What is National Rural Livelihoods Mission (NRLM)?
Also now known as Deendayal Antyodaya Yojana-NRLM (DAY-NRLM), it is a flagship poverty alleviation program run by the Ministry of Rural Development, Government of India. It aims to reduce rural poverty by mobilizing poor households into Self-Help Groups (SHGs), providing them with financial support, skills training, and sustainable livelihood options, primarily focusing on empowering rural women.
Key Aspects of DAY-NRLM:
Objective: To empower at least one woman from each of the 10 crore+ rural poor households through SHGs, enabling them to improve their livelihoods and break out of poverty.
Core Approach:
Social Mobilization: Organizing rural poor into Self-Help Groups (SHGs) and their federations.
Financial Inclusion: Providing revolving funds, community investment funds, and facilitating bank linkages to SHGs (often at 7% interest, with an additional 3% subsidy for timely repayment).
Livelihood Promotion: Supporting both farm-based (e.g., agriculture, livestock) and non-farm activities, including skill development and entrepreneurship.
Key Components:
Mahila Kisan Sashaktikaran Pariyojana (MKSP): Empowers women farmers.
Start-up Village Entrepreneurship Programme (SVEP): Supports rural start-ups.
Aajeevika Skills: Imparts vocational skills for job placement.
Implementation: It operates as a centrally sponsored program funded 75:25 by the Centre and States (90:10 for North Eastern states).
Target Group: Identified through a process called Participatory Identification of Poor (PIP), which ranks households based on vulnerability
How has NRLM transformed rural livelihoods in India at scale?
Scale Expansion: Covers 742 districts and 10 crore households, demonstrating unprecedented outreach in poverty alleviation.
Institutional Formation: Mobilised over 90 lakh SHGs, creating federated community institutions at village and cluster levels.
Income Enhancement: Women SHG members earn ₹1,00,000+ annually, indicating sustained livelihood generation.

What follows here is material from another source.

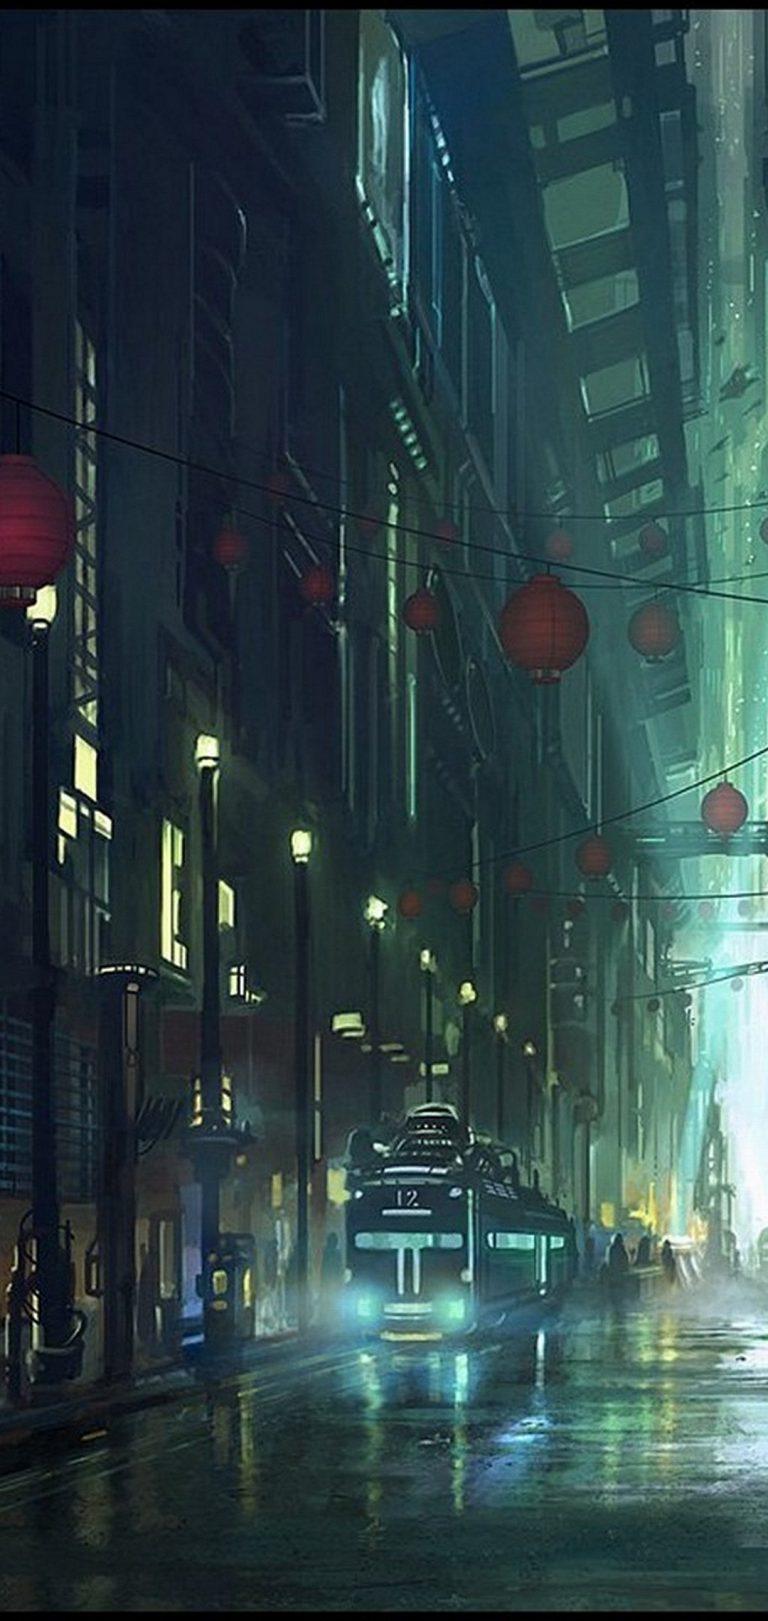 Artistic Night Wallpaper 1080x2280 768x1621

Financial Inclusion: Over 50 million women accessed bank credit, improving formal financial participation.
Local Economy Impact: Accounts for 60% of local government expenditure, integrating SHGs into governance structures.
Why is the SHG-based model gaining global attention, especially in Africa?

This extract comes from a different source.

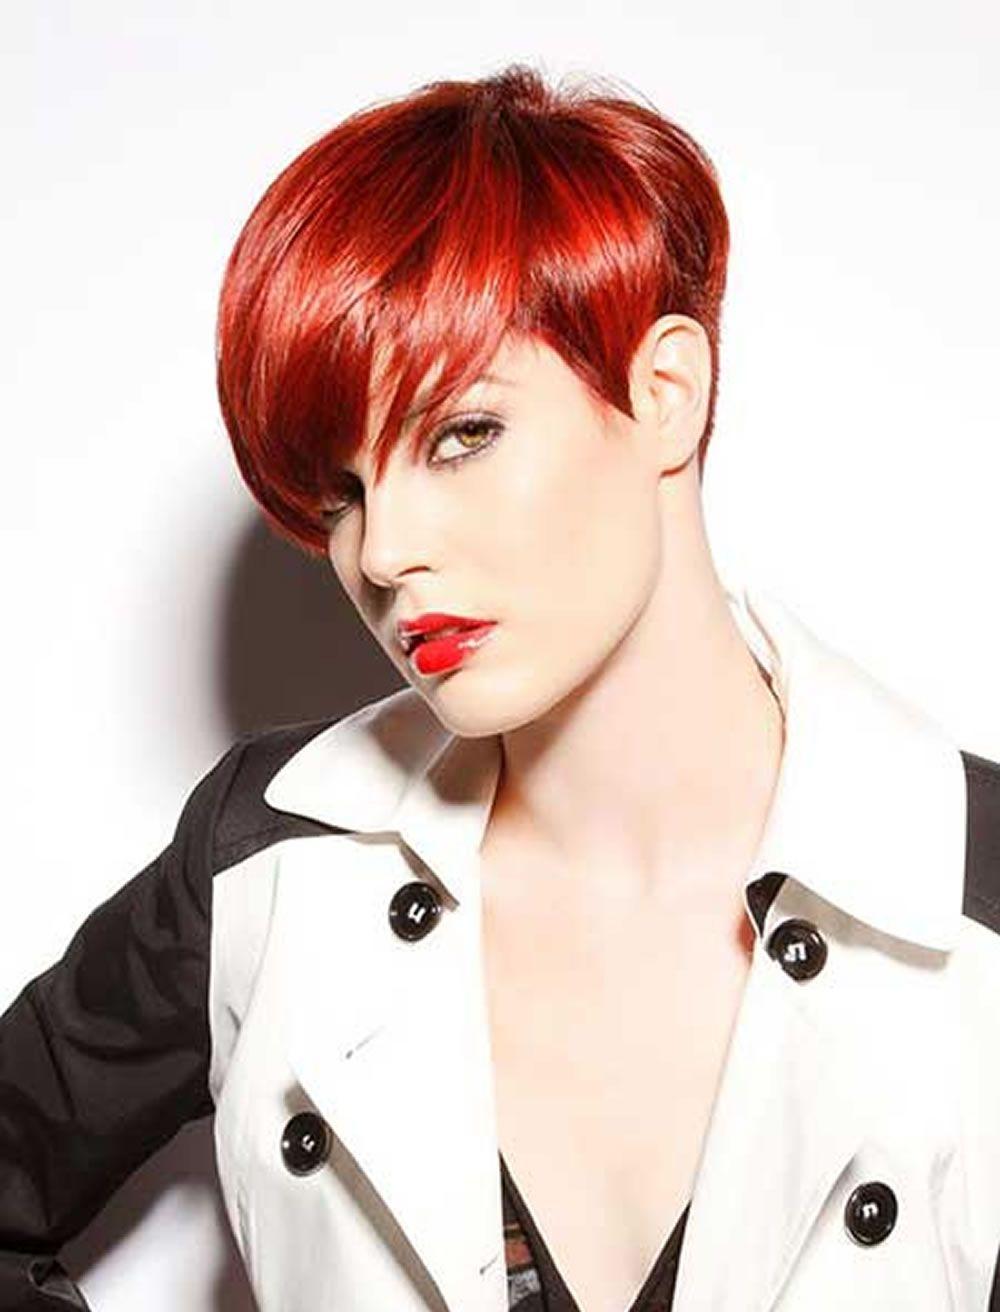 Fraulich - Frisuren für die Frau  Haarfarbe rot, Frisuren kurze

Contextual Relevance: Aligns with large informal economies in Africa where micro-enterprises dominate.
Women Empowerment: Focus on collective agency resonates with gender-based development strategies.
Low-Cost Governance: Operates through community-led systems, reducing dependence on state-heavy structures.
Scalability: Demonstrates ability to scale from village to national level without losing efficiency.
Case Evidence: African nations (Ethiopia, Tanzania, Malawi, Kenya, Rwanda) engaging in knowledge exchanges and field visits.
How does India’s development diplomacy differ from traditional models?
Shift in Approach: Moves from financial aid and technical assistance to institutional model sharing.
South-South Cooperation: Promotes peer learning rather than top-down Western templates.
Capacity Building: Focuses on training missions, exposure visits, and institutional linkages.
Financial Discipline: Encourages credit linkage and repayment systems, ensuring sustainability.
Skill Development: Integrates livelihood training and entrepreneurship support.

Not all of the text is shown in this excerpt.